Завещание убитого еврейского поэта - Эли Визель
Шрифт:
Интервал:
Закладка:
— Ну, как там господин Раббинер? Ты сегодня с ним говорил? Что он думает о теперешней ситуации? Обязательно держи нас в курсе.
Мне оставалось лишь смущенно пожимать плечами. Я уже назубок знал все его доводы относительно зловредного влияния религии, бесплодности устаревших обычаев, паралича традиционной нравственности, а также его воззрения на опасное воздействие на умы писаний наших пророков, мудрецов и праведников.
Нагнув голову, я наконец выдавил из себя:
— Предпочитаю это не обсуждать.
— Вы все слышали? Он предпочитает не обсуждать! И при этом называет себя марксистом! А как же диалектика?

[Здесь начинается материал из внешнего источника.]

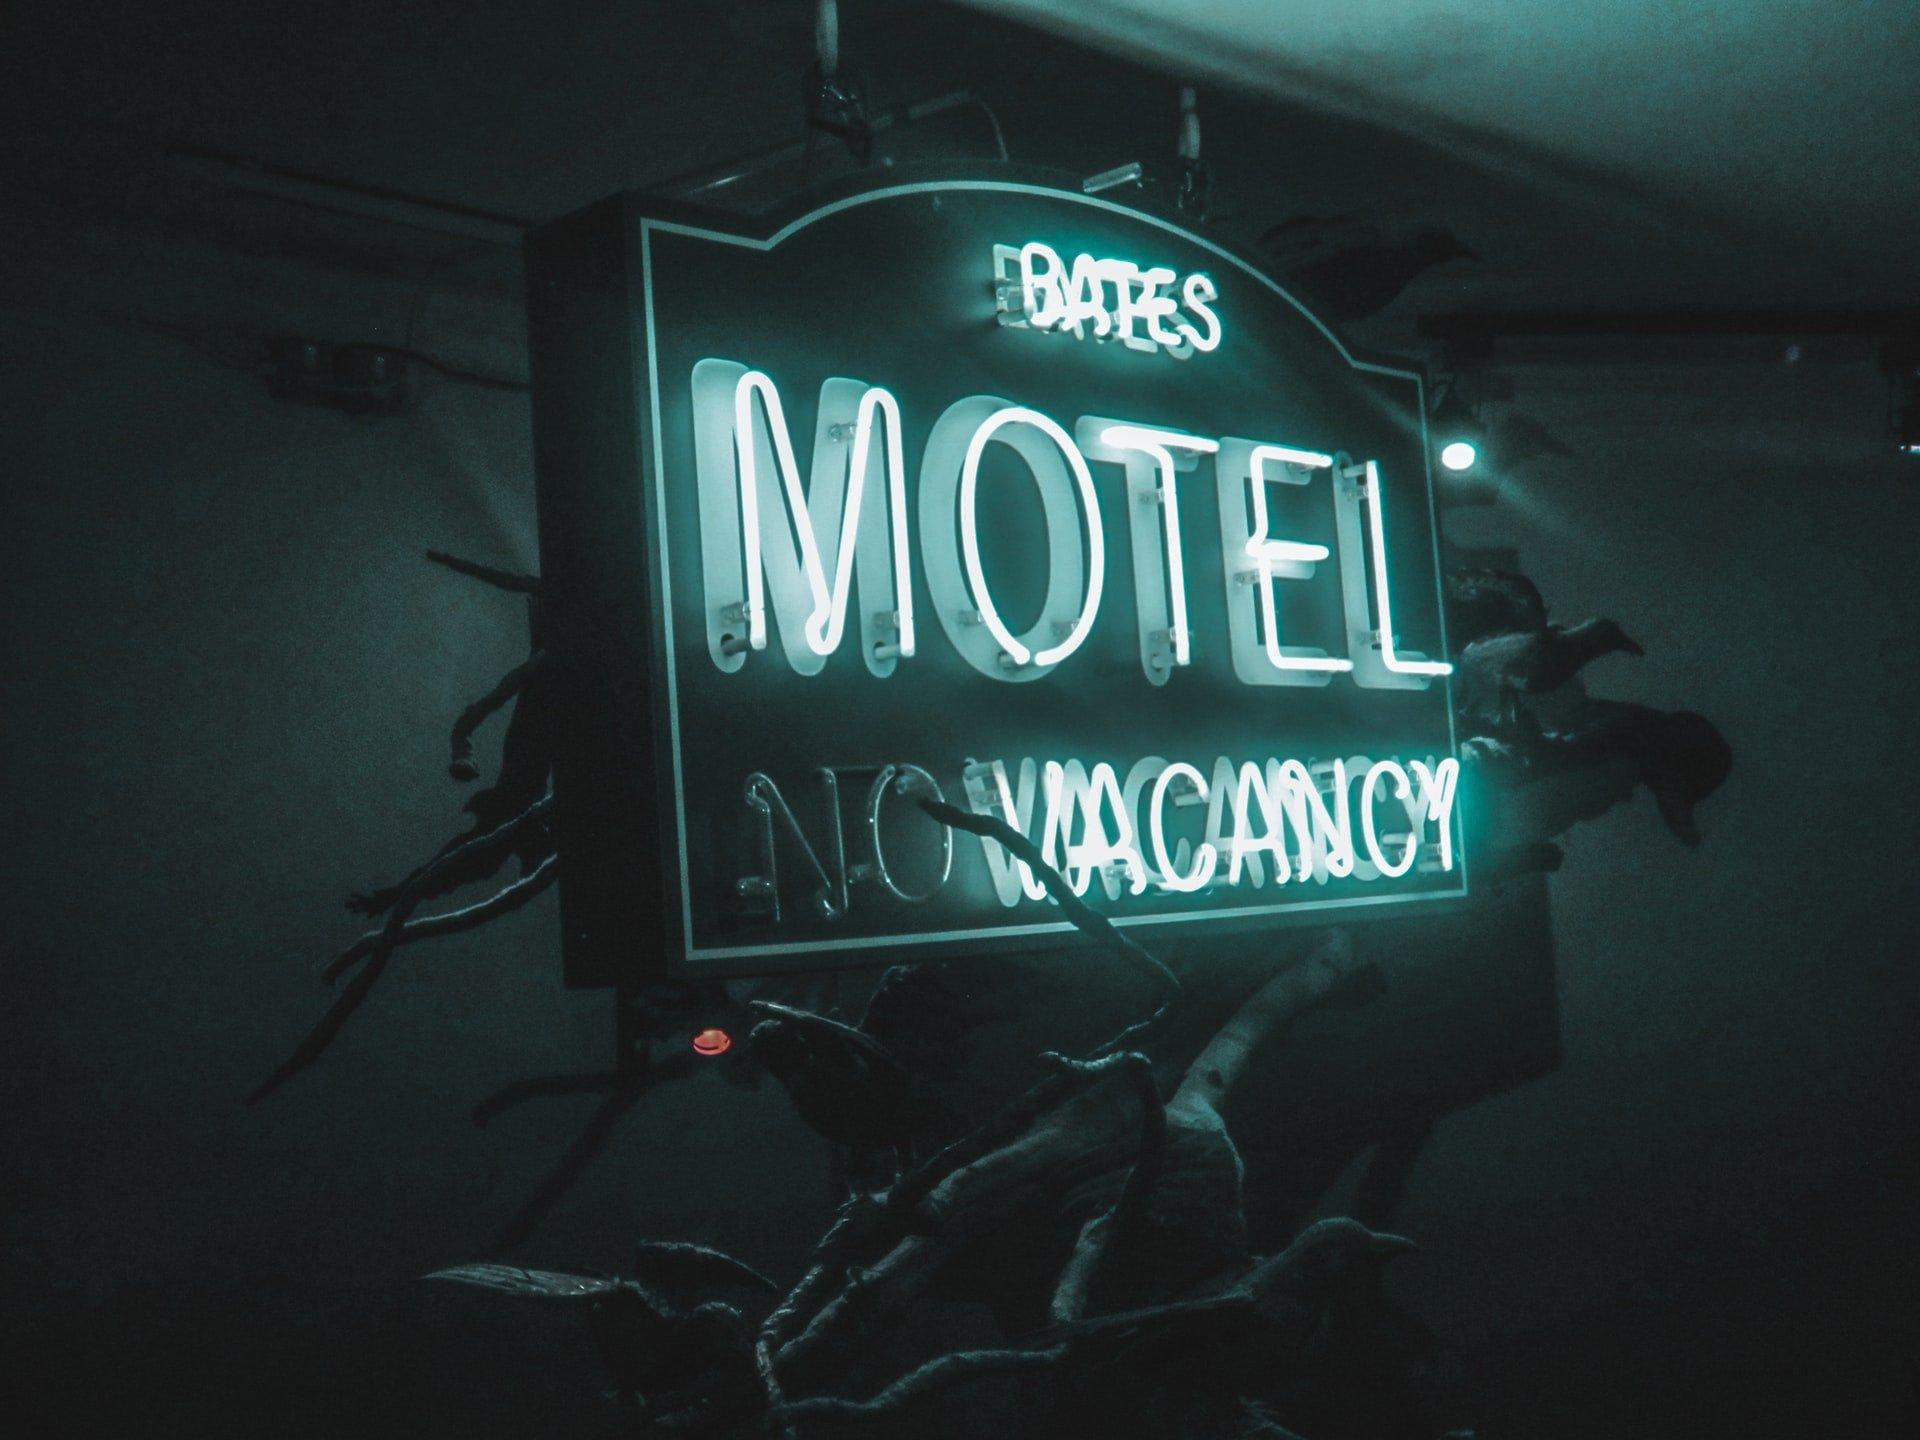 Was hat der Stern für eine Bedeutung in der Hotellerie?

Ты когда-нибудь о ней слыхал?
— Хотел бы все же воздержаться от дискуссии, — упрямо повторил я.
— Ага, теперь ты хочешь увильнуть! Зажмуриваешь глаза и затыкаешь уши, не вынося противоречий? И при этом готов считать себя интеллектуалом? И симпатизировать коммунистической партии? На самом деле, Пальтиель, ты еще так и не распростился со Льяновом и его фанатичным, слепым и бескультурным еврейством! — Он не унимался: — Ну, сознайся, Пальтиель, признай, что ты еще не покинул Льянов, что ты еще ходишь утром и вечером в синагогу, обожаешь отсталых людей, верующих только в то, что обещает им чудо! Признай это и перестань ломать здесь комедию…
Тут он на секунду замер, переводя дыхание, и я смог вставить словцо.
— Тебе, Гауптман, не хватает понимания, — начал я сдавленным голосом. — И такта. Ты волен оскорблять Всевышнего и праотцев, но ты зря высмеиваешь их бедных адептов, которым те нужны, потому что от древних исходят толика тепла и капелька надежды. В чем ты их упрекаешь, Гауптман? Они в изгнании, несчастливы, не читали тех книг, на которых ты вырос. Они не ходили в те школы, где ты преподаешь, им не ведомо даже, что такие существуют. Разве в этом их вина? Почему ты издеваешься над ними, Гауптман?
— Ну, что я вам говорил? Он их обожает! — вскричал Гауптман. — Страстно любит! Да, поезд уехал из Льянова, но наш друг остался на платформе!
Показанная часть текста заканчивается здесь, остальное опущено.